For patients with rheumatoid arthritis (RA), SIMPONI ARIA should be given in combination with methotrexate.

The efficacy and safety of switching between intravenous and subcutaneous formulations and routes of administration have not been established.

2.2 Dosage in Pediatric Patients with Polyarticular Juvenile Idiopathic Arthritis and Psoriatic Arthritis

The SIMPONI ARIA dosage regimen, based on body surface area (BSA), is 80 mg/m 2given as an intravenous infusion over 30 minutes at weeks 0 and 4, and every 8 weeks thereafter. Follow the dilution and administration instructions for SIMPONI ARIA [see Dosage and Administration (2.4)] .

2.3 Evaluation for Tuberculosis and Hepatitis B Prior to Dosage

Prior to initiating SIMPONI ARIA and periodically during therapy, evaluate patients for active tuberculosis and test for latent infection [see Warnings and Precautions (5.1)] . Prior to initiating SIMPONI ARIA, test patients for hepatitis B viral infection [see Warnings and Precautions (5.1)] .

2.4 Important Administration Instructions

SIMPONI ARIA solution for intravenous infusion should be diluted by a healthcare professional using aseptic technique as follows:

1. Calculate the dosage and the number of SIMPONI ARIA vials needed based on the recommended adult dosage of 2 mg/kg and the patient's weight for RA, PsA and AS. Calculate the dosage and number of SIMPONI ARIA vials needed based on the recommended pediatric dosage of 80 mg/m 2and the patient's body surface area (BSA), for pJIA and pediatric patients with PsA. Each 4 mL vial of SIMPONI ARIA contains 50 mg of golimumab.
2. Check that the solution in each vial is colorless to light yellow. The solution may develop a few fine translucent particles, as golimumab is a protein. Do not use if opaque particles, discoloration, or other foreign particles are present.
3. Dilute the total volume of the SIMPONI ARIA solution with 0.9% Sodium Chloride Injection, USP to a final volume of 100 mL. For example, this can be accomplished by withdrawing a volume of the 0.9% Sodium Chloride Injection, USP from the 100-mL infusion bag or bottle equal to the total volume of SIMPONI ARIA. Slowly add the total volume of SIMPONI ARIA solution to the 100-mL infusion bag or bottle. Gently mix. Discard any unused solution remaining in the vials.
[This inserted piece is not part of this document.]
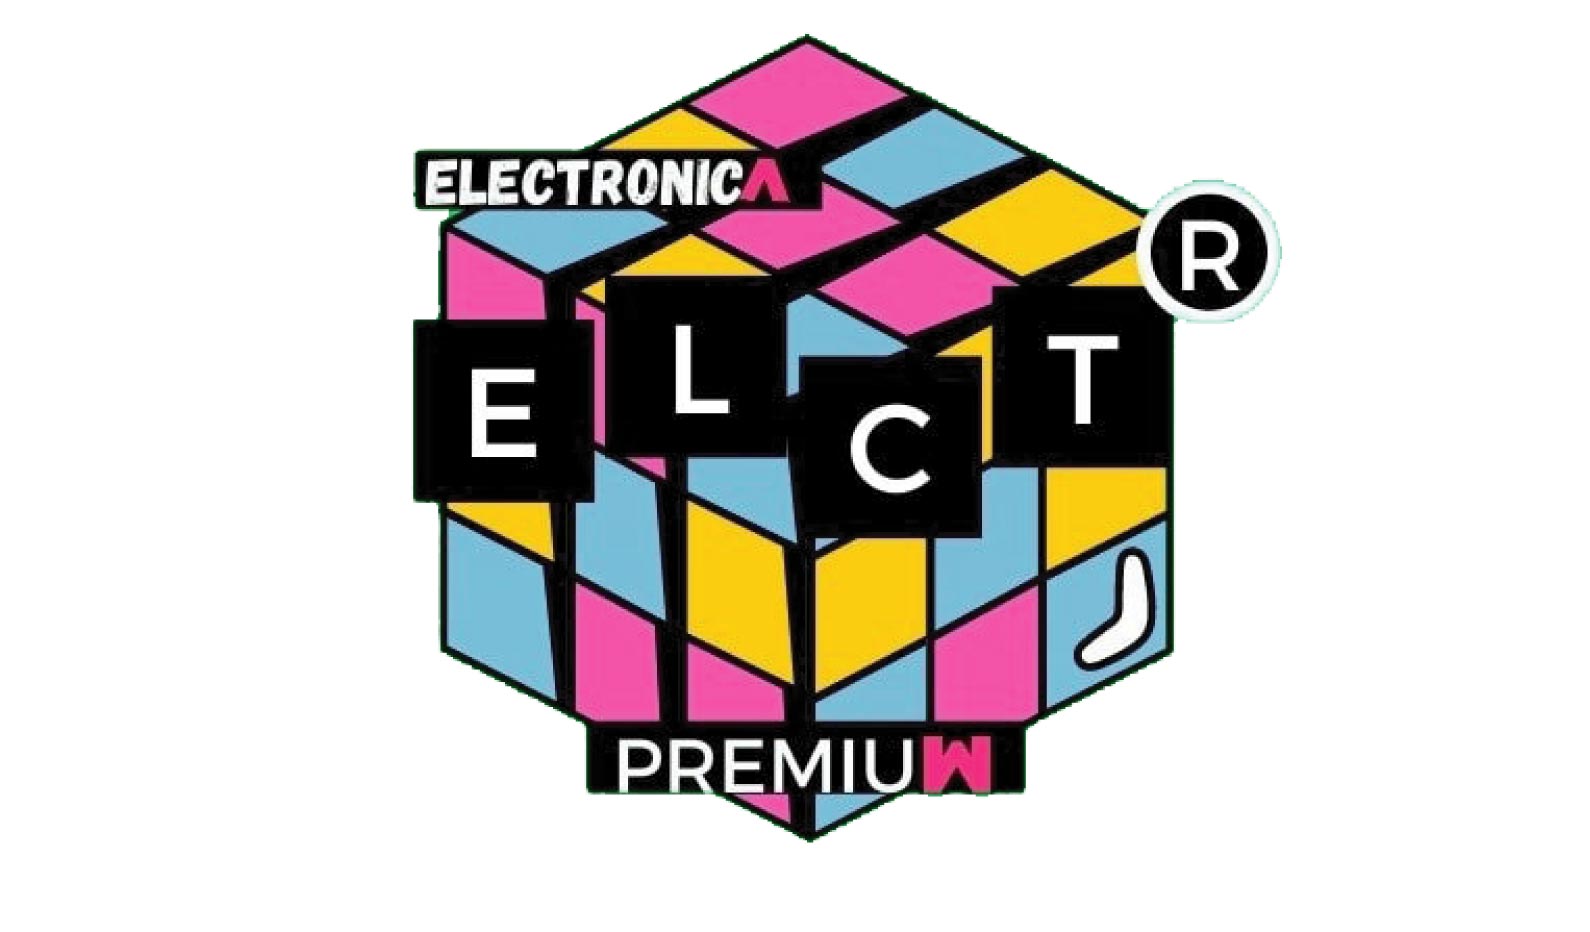 Electrónica Premium

Alternatively, SIMPONI ARIA can be diluted using the same method described above with 0.45% Sodium Chloride Injection, USP.
4. Prior to infusion, visually inspect the diluted SIMPONI ARIA solution for particulate matter or discoloration. Do not use if these are present.
5. Use only an infusion set with an in-line, sterile, non-pyrogenic, low protein-binding filter (pore size 0.22 micrometer or less).
6. Do not infuse SIMPONI ARIA concomitantly in the same intravenous line with other agents. No physical biochemical compatibility studies have been conducted to evaluate the use of SIMPONI ARIA with other intravenous agents in the same intravenous line.
7. Infuse the diluted solution over 30 minutes.
8. Once diluted, the infusion solution can be stored for up to 4 hours at room temperature.

5.1 Serious Infections

Patients treated with SIMPONI ARIA are at increased risk for developing serious infections involving various organ systems and sites that may lead to hospitalization or death.
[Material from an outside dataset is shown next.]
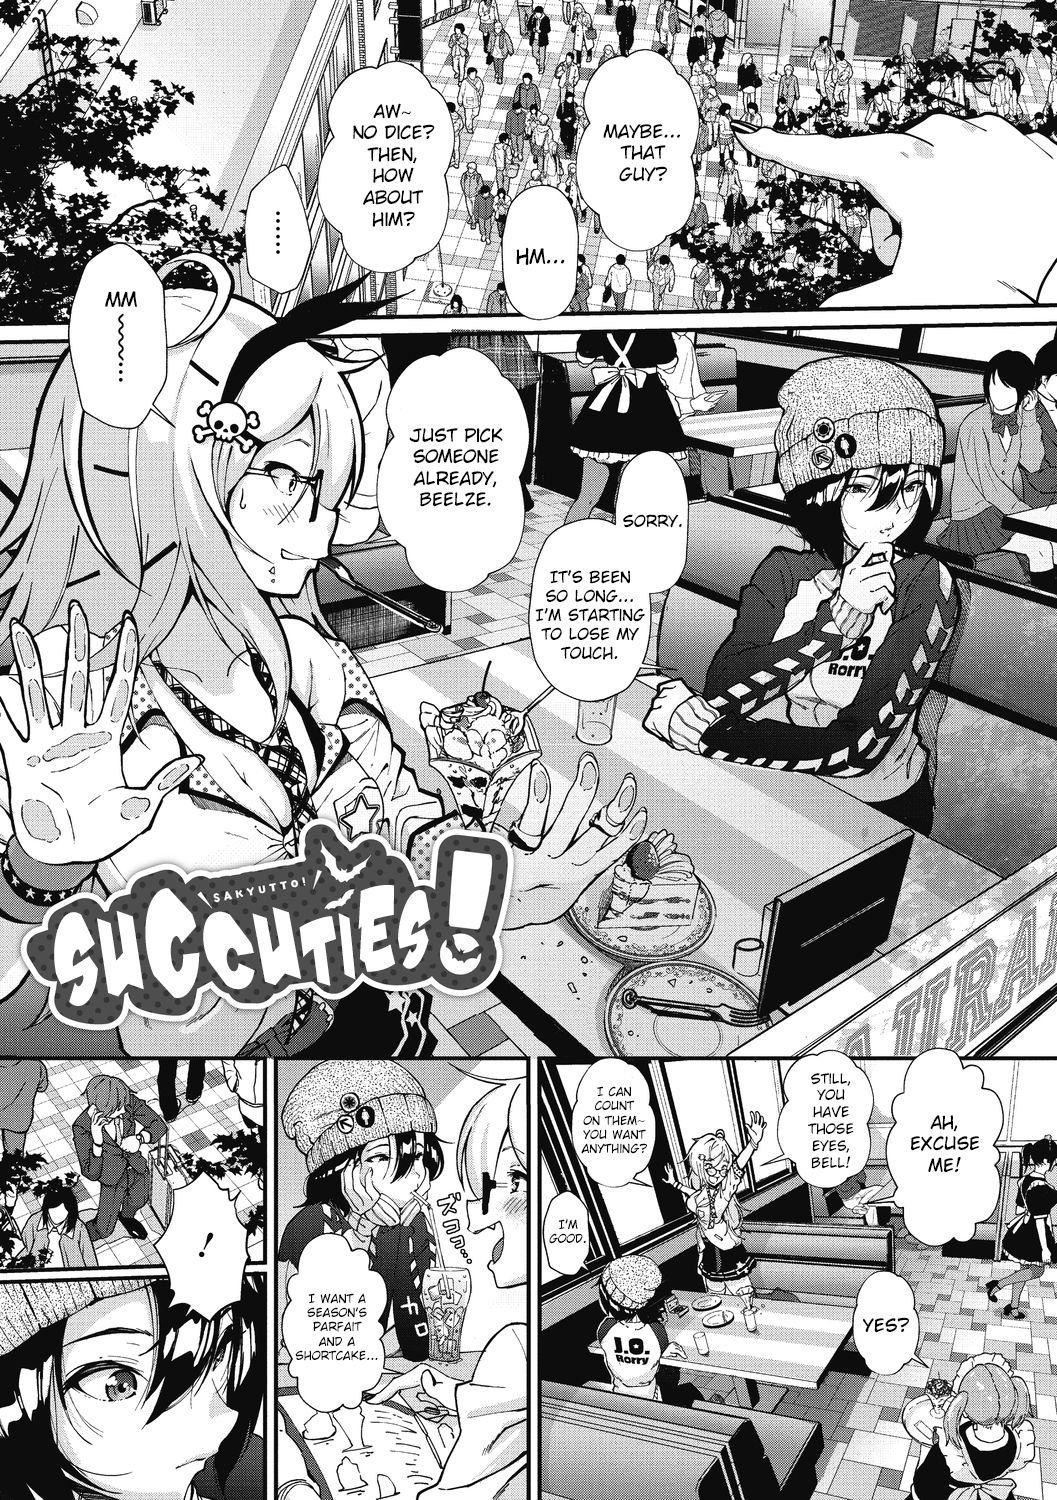 Dad Sakyutto! | Succuties! Girl On Girl - Page 1

Opportunistic infections due to bacterial, mycobacterial, invasive fungal, viral, or parasitic organisms including aspergillosis, blastomycosis, candidiasis, coccidioidomycosis, histoplasmosis, legionellosis, listeriosis, pneumocystosis, and tuberculosis have been reported with TNF-blockers. Patients have frequently presented with disseminated rather than localized disease. The concomitant use of a TNF-blocker and abatacept or anakinra was associated with a higher risk of serious infections; therefore, the concomitant use of SIMPONI ARIA and these biologic products is not recommended [see Warnings and Precautions (5.6, 5.7)and Drug Interactions (7.2)] .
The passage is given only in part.